The GOP Turns the House Judiciary Committee Into an Absurdist Spectacle
With a looming government shutdown, Republicans showcased their preferred use of resources: to hammer away at Merrick Garland.
“The fix is in!” Representative Jim Jordan barked as he opened the House Judiciary Committee’s marathon questioning of Attorney General Merrick Garland. “Even with the face-saving indictment of Hunter Biden, the fix is in, and everyone knows it.”

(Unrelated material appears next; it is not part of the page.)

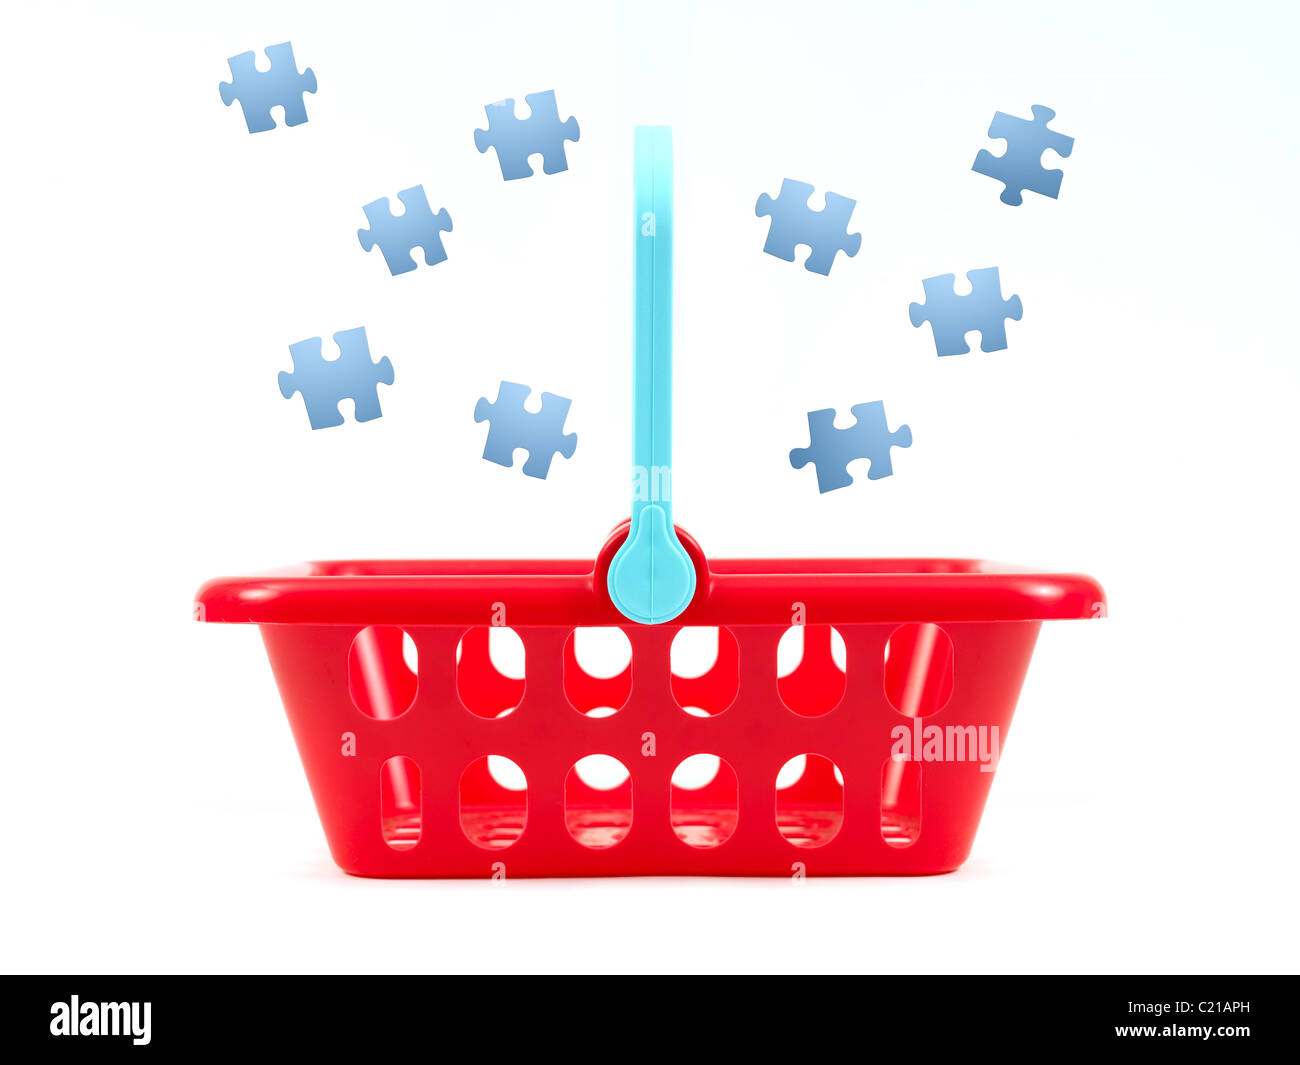 Jigsaw pieces falling into a shopping basket isolated against a white background Stock Photo

“Everyone knows it” was a refrain of the GOP’s Garland inquisition. Jordan later pressed Garland on why US Attorneys had allowed the statute of limitations to lapse on presidential failson Hunter Biden’s IRS charges by thundering, “Everybody knows why they did it!” (He, of course, failed to note that the misdemeanor charges resulted in Biden’s repayment of delinquent taxes.) Moving on to the tirelessly flogged question of whether Hunter’s father, serving as vice president, stepped in to secure the dismissal of the Ukrainian special prosecutor allegedly charged with investigating Burisma, the oil giant where Hunter enjoyed a generous board sinecure, Jordan announced, “Eyewitnesses we talked to said that this was slow-walked, and we know why.” Florida Representative Matt Gaetz, taking a break from threatening Kevin McCarthy’s speakership and provoking an all-but-certain government shutdown, reeled off a series of speculative scenarios in which purchasers of Hunter Biden’s artwork were “currying favor” with the Biden White House in a network of shifty deals that somehow involved the Chinese Communist Party. At one point, Gaetz pronounced, “I already know that answer, and so does everyone.” As the proceedings wore on into their fourth hour, Arizona Representative and Freedom Caucus Chairman Andy Biggs brushed off a Garland reply to a question about the January 6 prosecution by saying, “Well, la-di-da.”

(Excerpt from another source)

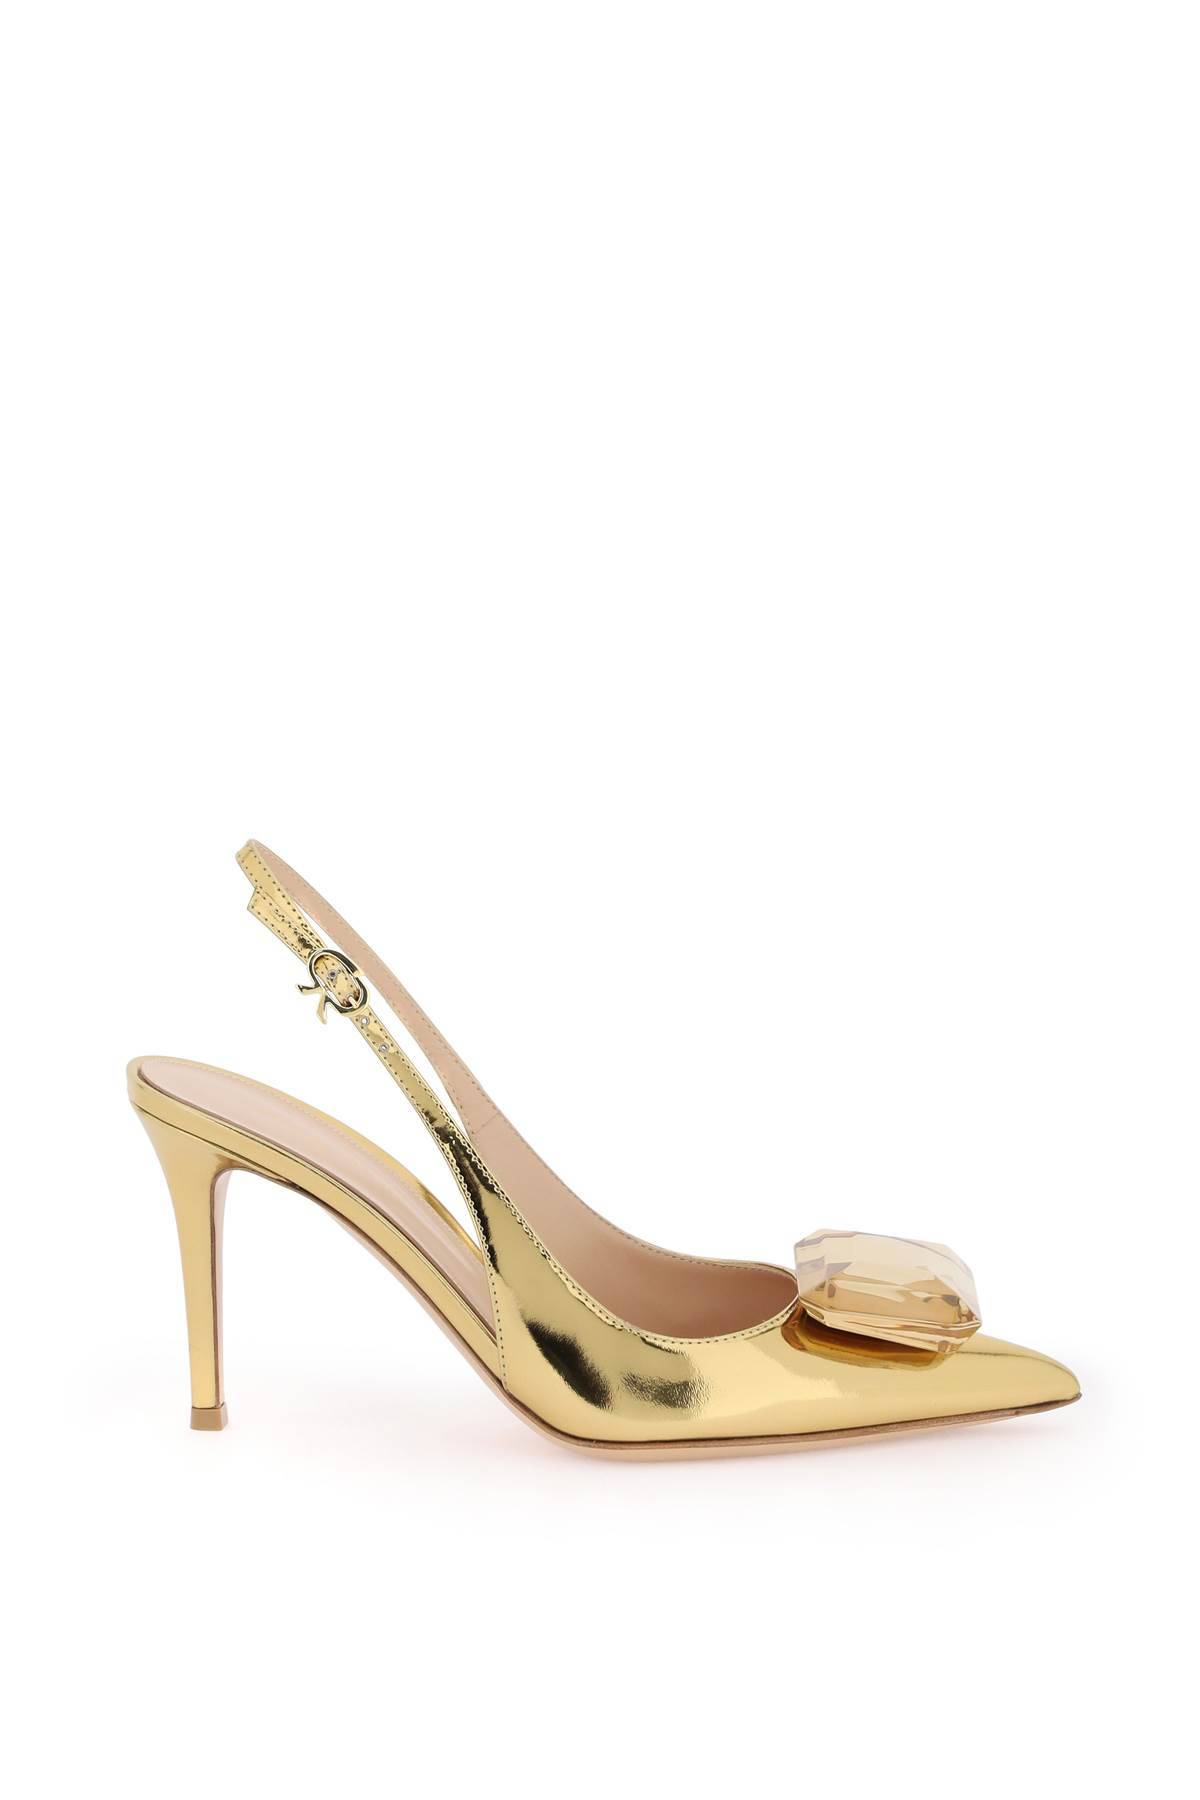 Shop Gianvito Rossi Jaipur Slingback Pumps In Gold

La-di-da indeed. The Garland spectacle stood out in stark and absurdist relief this week, as the hard-right faction of the House Republican caucus has trashed a series of negotiations and deals that would fend off a government shutdown at the end of the month. In the absence of consensus on the most basic duty of the House, Republicans were eager to showcase their preferred use of government resources: to hammer away at the perception that Garland, the sort of deferential institutionalist that the term “milquetoast” was coined to describe, is an ideologically driven Inspector Javert, dead set on prosecuting former president Donald Trump and covering up the many trespasses of the Bidens.
Over and over again, heavy-breathing committee Republicans homed in on the usual talking points about the Biden crime-family fantasia: the alleged “sweetheart deal” engineered for the accused tax evader and gun owner; the alleged decision to let the statute of limitations kick in on the IRS charges; the alleged failures of federal attorneys in districts beyond Delaware, where the initial Hunter Biden probe was launched, to permit special counsel David Weiss, a Trump DOJ appointee, to pursue charges in their jurisdictions. An especially operatic leitmotif was the outraged citation of the term “extraordinary circumstances” in Garland’s memo announcing Weiss’s special counsel appointment. As one interlocutor after another demanded that Garland define just what these clearly suspicious circumstances might be, the attorney general eventually replied that it’s boilerplate language drawn from the independent counsel statute.
One notable exception to the manic determination to bring impeachment charges against President Biden was Colorado Representative Ken Buck, who has lately broken with the GOP caucus on the rush to launch Biden impeachment inquiries based on his son’s behavior. “What’s missing, despite years of investigation,” Buck wrote in a recent Washington Post op-ed, “is the smoking gun that connects Joe Biden to his ne’er-do-well son’s corruption.”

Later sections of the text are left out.